Though prohibition was the law of the land at the time, underground speakeasies like “Vincenzo’s” made it possible not only for New Yorkers to imbibe but also for gay men to congregate, to hold hands, even to dance together before the 21st Amendment made alcohol legal again and pushed men like Larry Hart even further into the closet, bars no longer being secret hideaways.

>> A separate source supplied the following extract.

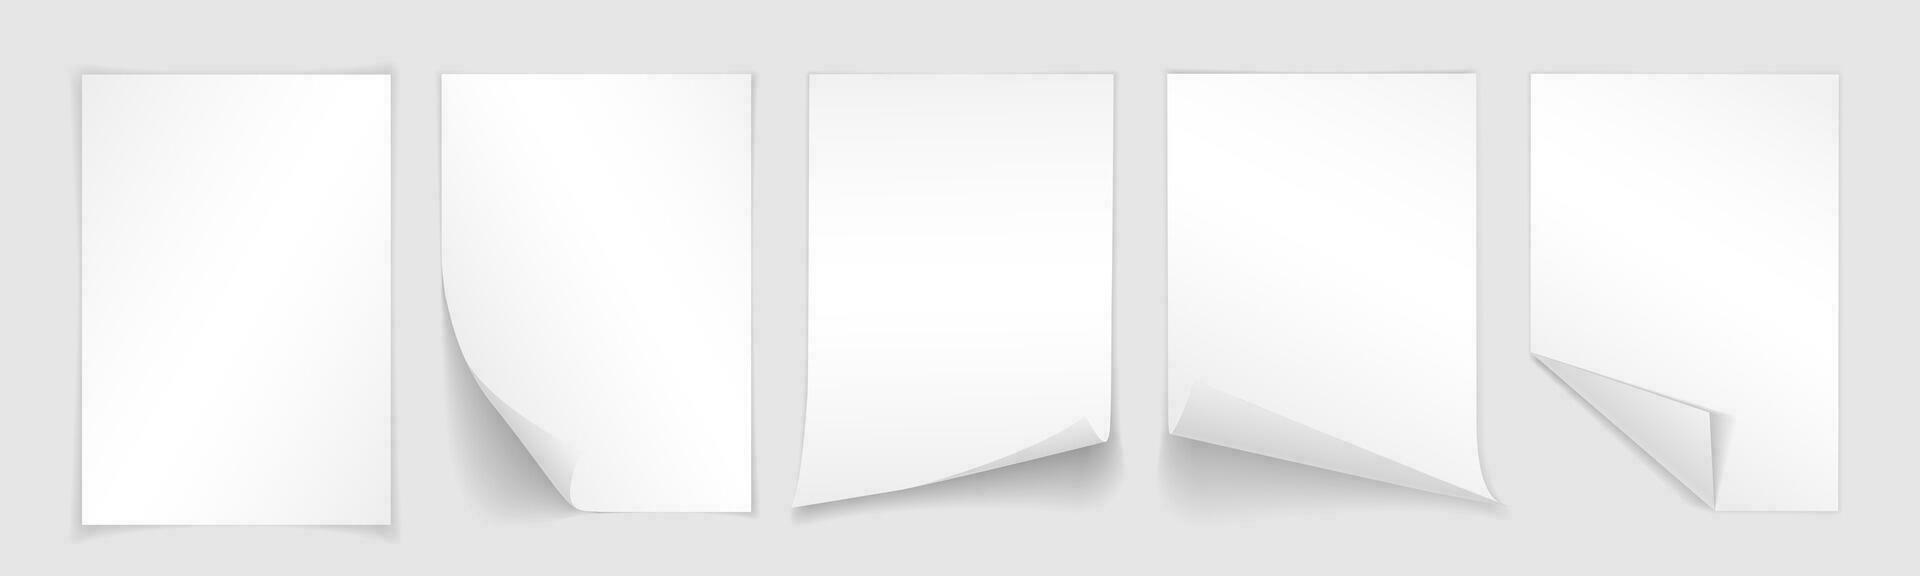 tom a4 ark av vit papper med ringlad hörn och skugga, mall för din design. uppsättning. vektor illustration

FALLING FOR MAKE BELIEVE - 5 It’s at Vincenzo’s that Fletcher meets Larry Hart for the second time, along with composer Richard Rodgers (Brett Ryback), composite Broadway star “Vivian Ross” (Rebecca Ann Johnson), and Doc Bender (Jeffrey Landman), the real-life dentist-turned-agent who made sure his number one client stayed on the down-low even as he supplied him with buckets of booze throughout their long, destructive association.

Next to reminisce is Richard Rodgers, who recalls the awe he felt at the age of 16 upon first meeting 23-year-old Larry, who ended up joining Richard and his new bride Dorothy (Megan Moran) for their “three’s company” honeymoon in France, a vacation à trois that Dorothy takes with a grain of salt, quipping, “It’s not like I’m the first woman to marry a man with a child.”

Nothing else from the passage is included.